Calibration of LLM-as-judge metrics against human annotations is essential before using automated metrics to drive decisions. An LLM judge that systematically overscores verbose responses or underscores technically correct but tersely written answers will push prompt optimization in the wrong direction. Computing the Pearson or Spearman correlation between judge scores and human preference scores on a held-out calibration set of 100–200 examples identifies systematic biases before they propagate into evaluation-driven development decisions. If correlation is below 0.6, the judge prompt or judge model requires adjustment before the metric provides reliable signal.
Evaluation pipeline automation reduces the overhead of running evaluations on every model change to near zero. A CI/CD pipeline that triggers the evaluation suite on main branch merges, logs results to MLflow or Weights & Biases, and posts a summary comment to the pull request with metric comparisons against the previous baseline creates a culture of continuous quality measurement. Teams that establish this infrastructure early in development find that quality regressions are caught within hours of the causative change rather than discovered during manual review cycles days or weeks later, dramatically reducing the debugging cost of quality issues.

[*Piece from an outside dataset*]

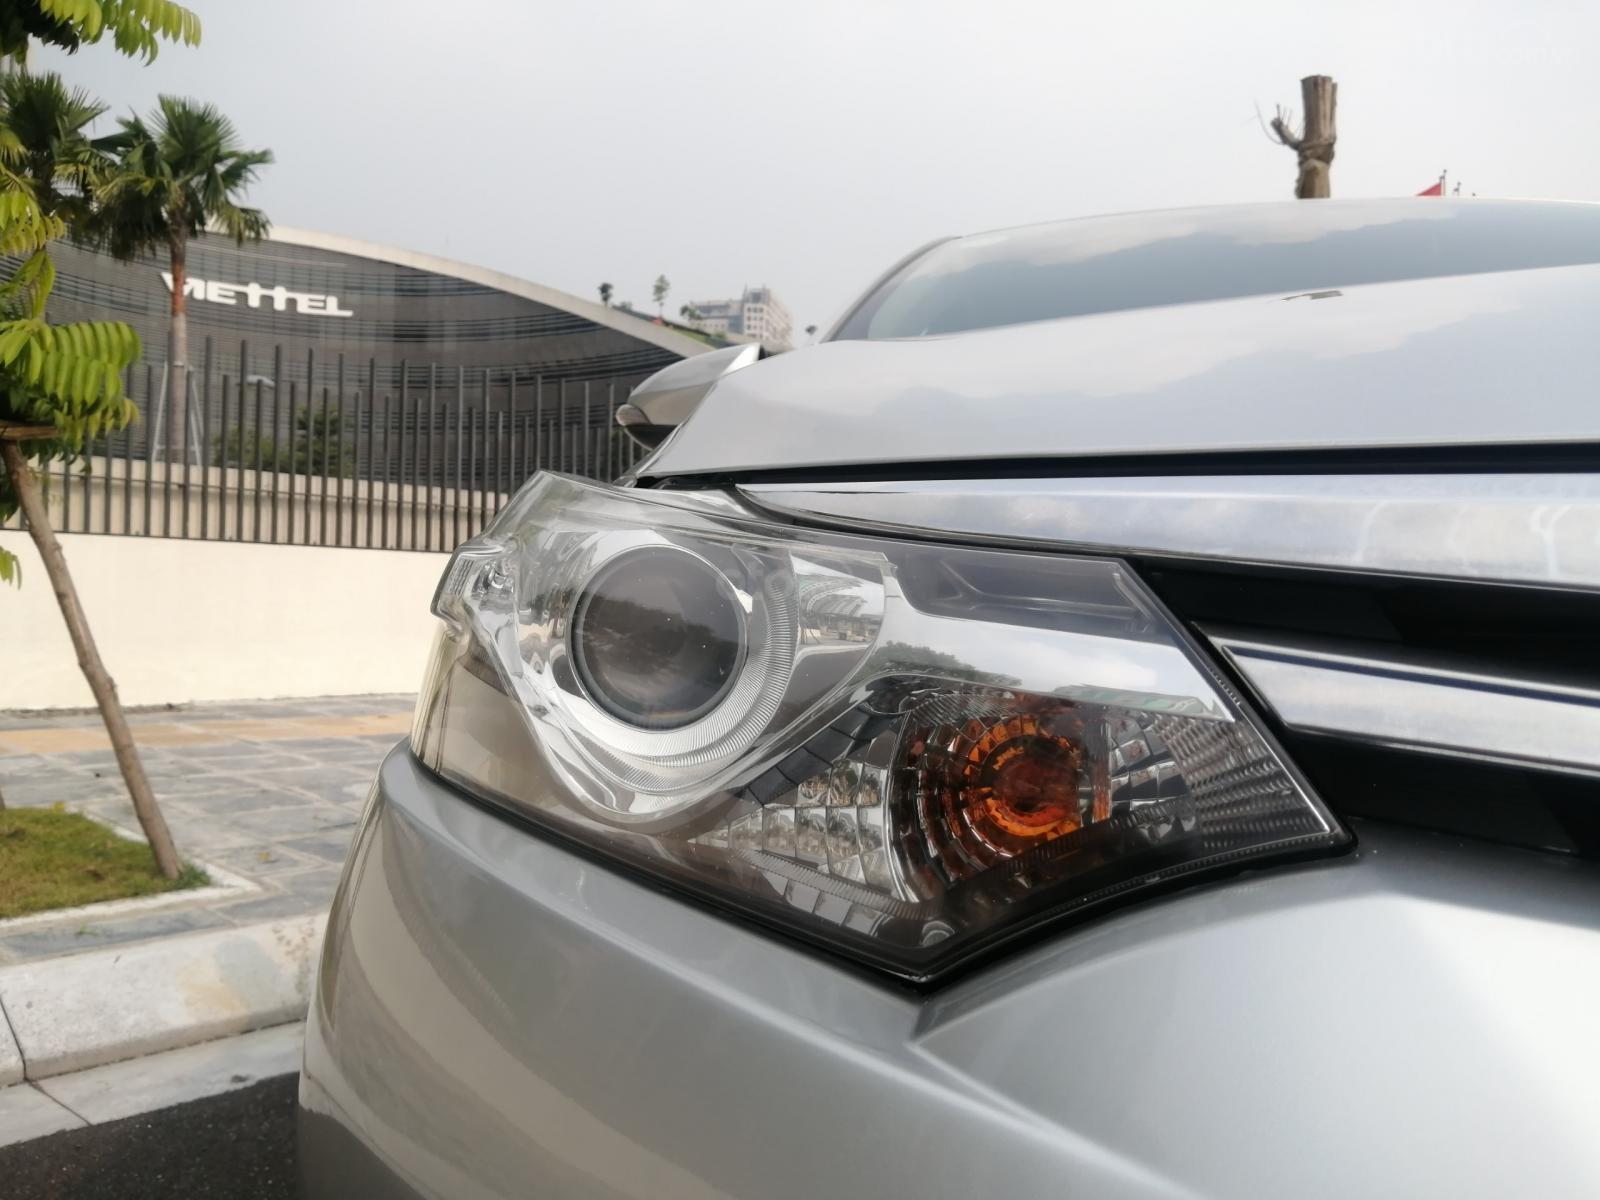 Toyota Mỹ Đình - trung tâm xe đã qua sử dụng - cần bán Toyota Vios đời 2014, 419tr (4)

Eval dataset contamination — where documents from the evaluation set appear in the model's training data — produces artificially inflated benchmark scores that do not reflect real-world quality. For custom fine-tuned models, verifying that evaluation examples were not present in the fine-tuning data requires deduplication checks between the eval and training datasets. For proprietary models where training data is not disclosed, using evaluation examples that were created after the model's knowledge cutoff date, or constructing evaluation queries from internal data that could not have been in public training corpora, provides contamination-resistant quality measurements.